[![Open In Colab](https://colab.research.google.com/assets/colab-badge.svg)](https://colab.research.google.com/github/gdsaxton/GDAN5400/blob/main/Week%204%20Notebooks/GDAN%205400%20-%20Week%204%20Notebooks%20%28III%29%20-%20Creating%20Binary%20Variables.ipynb)

This notebook provides recipes for creating binary variables in Python 

In [None]:
%%time
import datetime
print ("Current date and time : ", datetime.datetime.now().strftime("%Y-%m-%d %H:%M:%S"), '\n')

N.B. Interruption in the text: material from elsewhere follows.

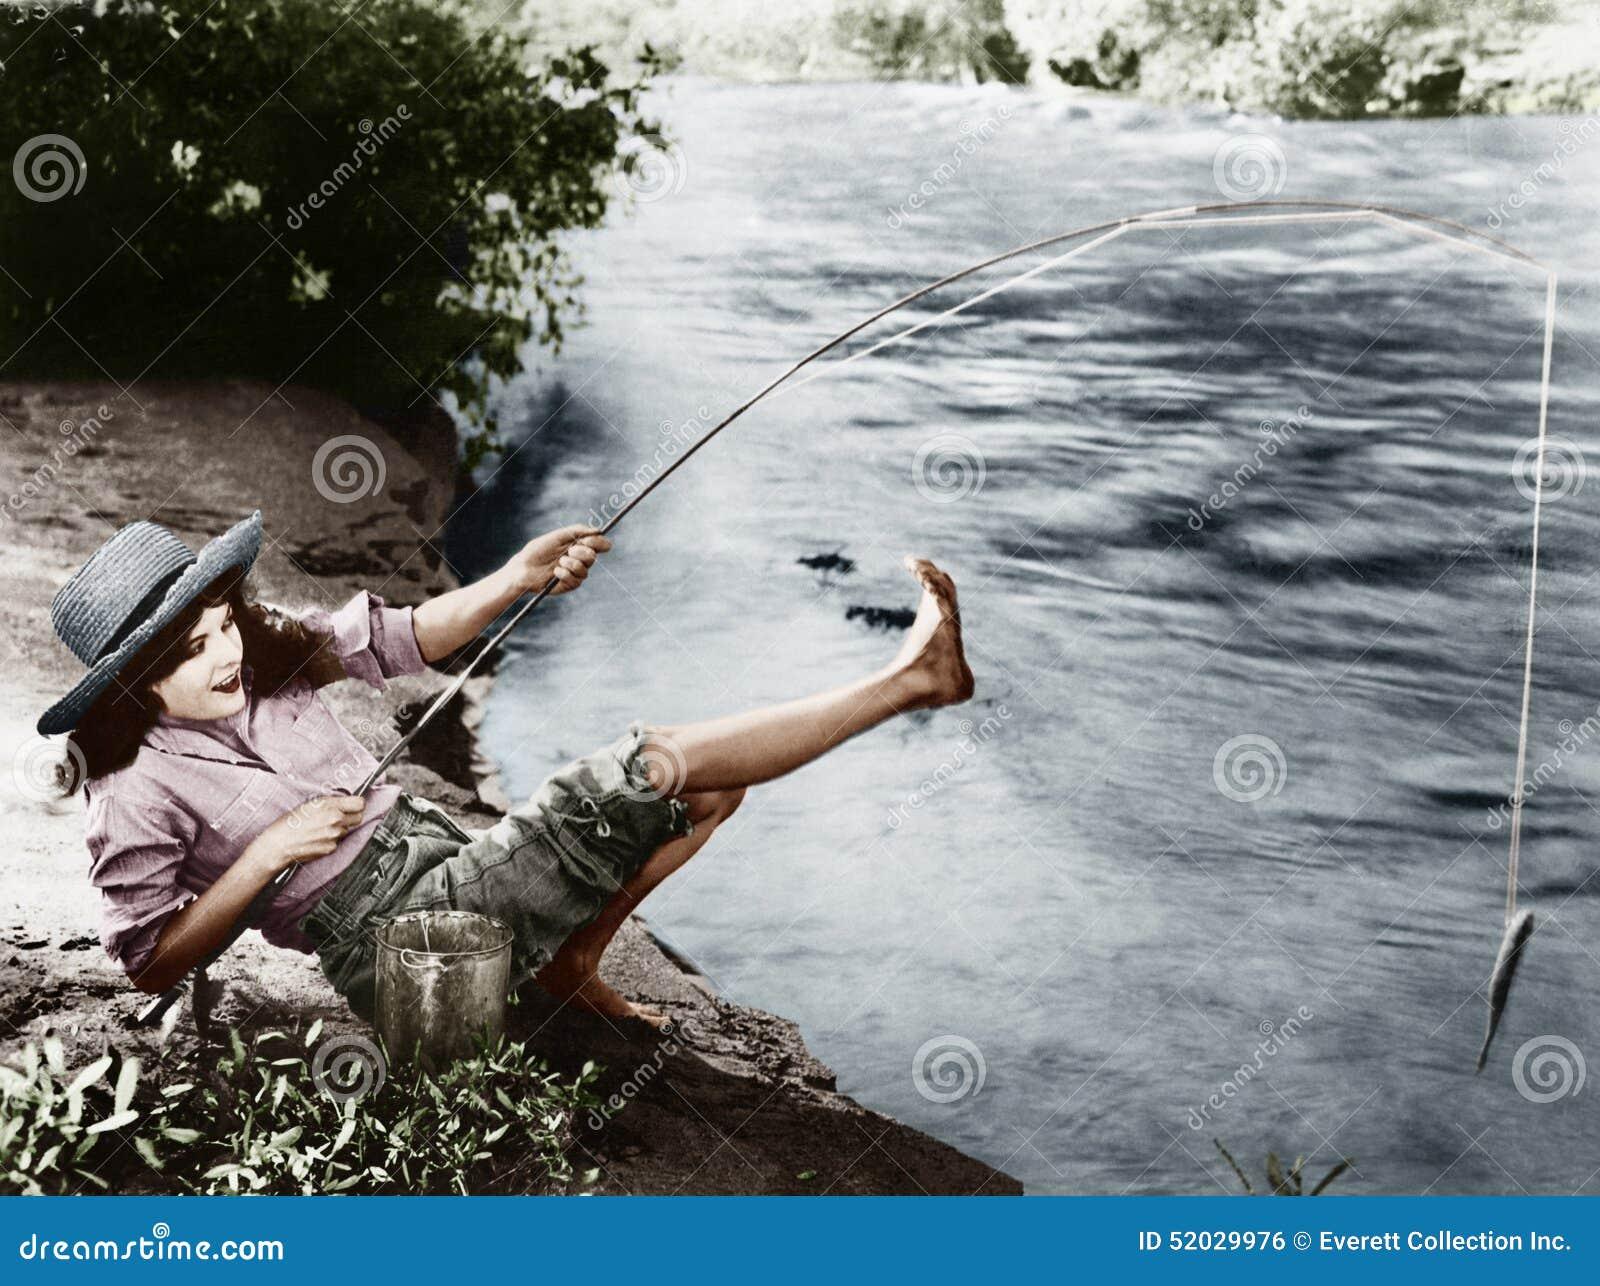 Frau, die einen kleinen Fisch fing, der über rückwärts fällt (alle dargestellten Personen sind nicht längeres lebendes und kein Z
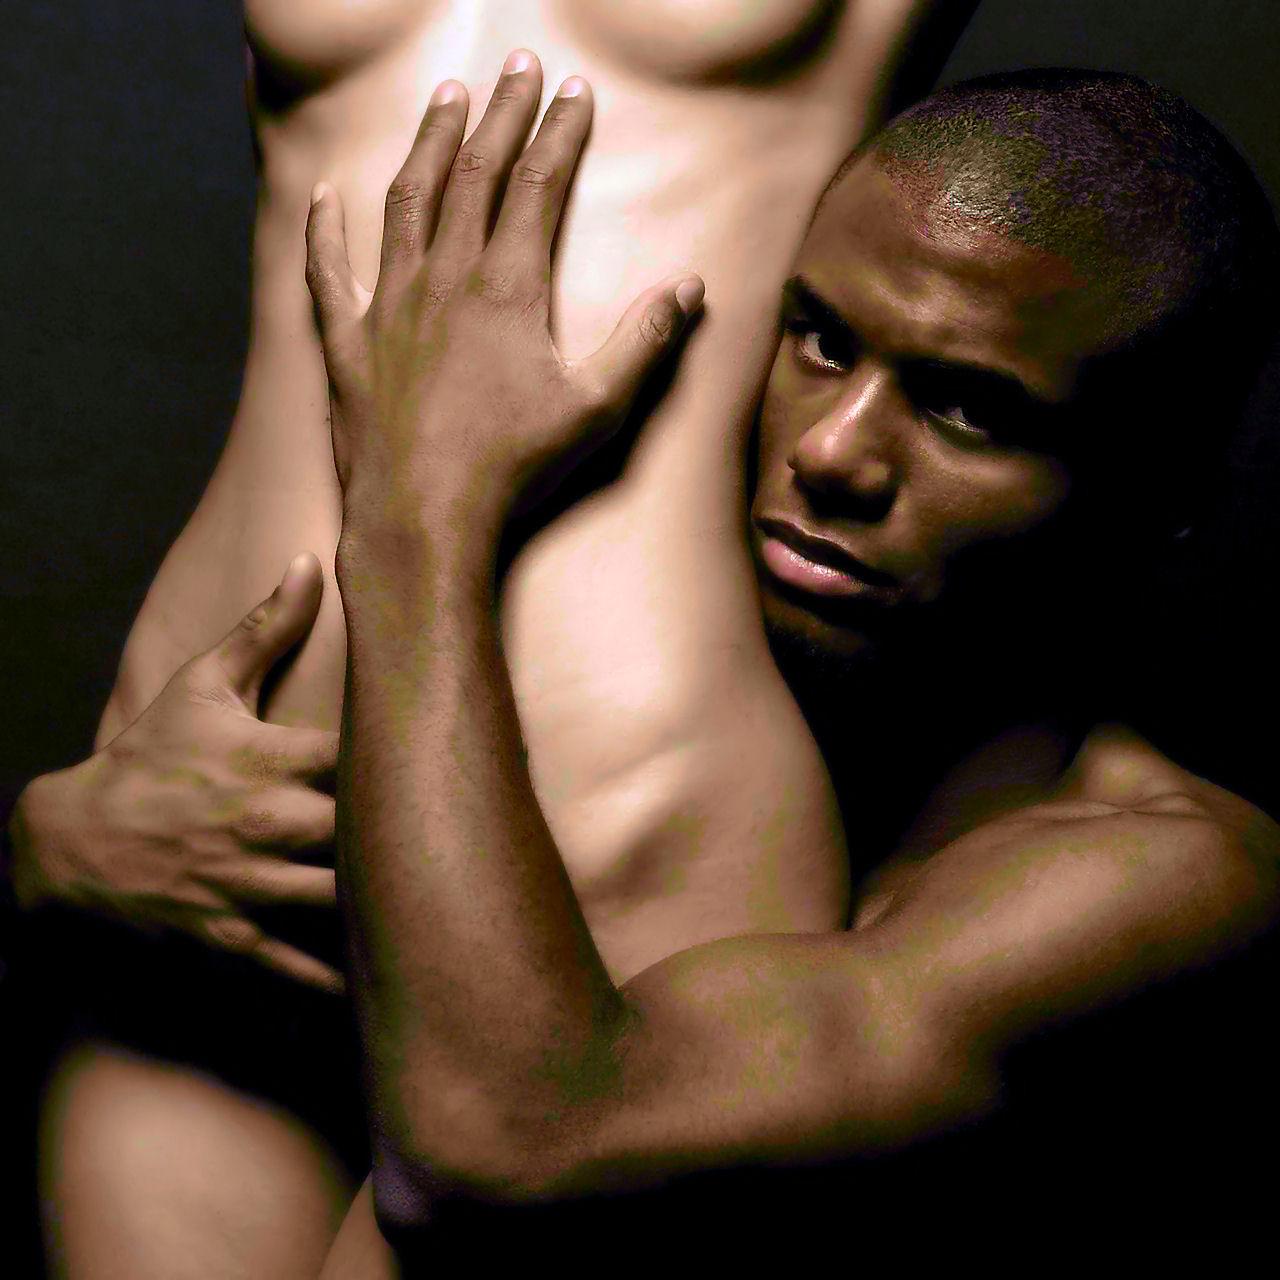 erotica-multiple-stories

# Load Packages and Set Working Directory
Import several necessary Python packages. We will be using the <a href="http://pandas.pydata.org/">Python Data Analysis Library,</a> or <i>PANDAS</i>, extensively for our data manipulations in this and future tutorials.

In [None]:
import numpy as np
import pandas as pd
from pandas import DataFrame
from pandas import Series

<br>
PANDAS allows you to set various options for, among other things, inspecting the data. I like to be able to see all of the columns. Therefore, I typically include this line at the top of all my notebooks.

In [None]:
#http://pandas.pydata.org/pandas-docs/stable/options.html
pd.set_option('display.max_columns', None)
pd.set_option('max_colwidth', 250)
pd.set_option('display.max_info_columns', 500)

# Read in Data

In [None]:
import pandas as pd
import requests

# NOTE: replace `https://github.com/` with `https://raw.githubusercontent.com`
# https://github.com/gdsaxton/GDAN5400/blob/main/Coding%20Assignment%201/final_insurance_fraud.xlsx
url = 'https://raw.githubusercontent.com/gdsaxton/GDAN5400/main/Coding%20Assignment%201/final_insurance_fraud.xlsx'

# Download the file
response = requests.get(url)
with open('final_insurance_fraud.xlsx', 'wb') as f:
    f.write(response.content)

# Load the Excel file
df = pd.read_excel('final_insurance_fraud.xlsx', engine='openpyxl')

df.head()

In [None]:
#APPLY DATA CLEANING OPERATIONS FROM CODING ASSIGNMENT 1
df = df[df['Policy Number'].notnull()]
df['Estimated cost to repair'] = df['Estimated cost to repair'].fillna(0)
df['Estimated cost to replace'] = df['Estimated cost to replace'].fillna(0)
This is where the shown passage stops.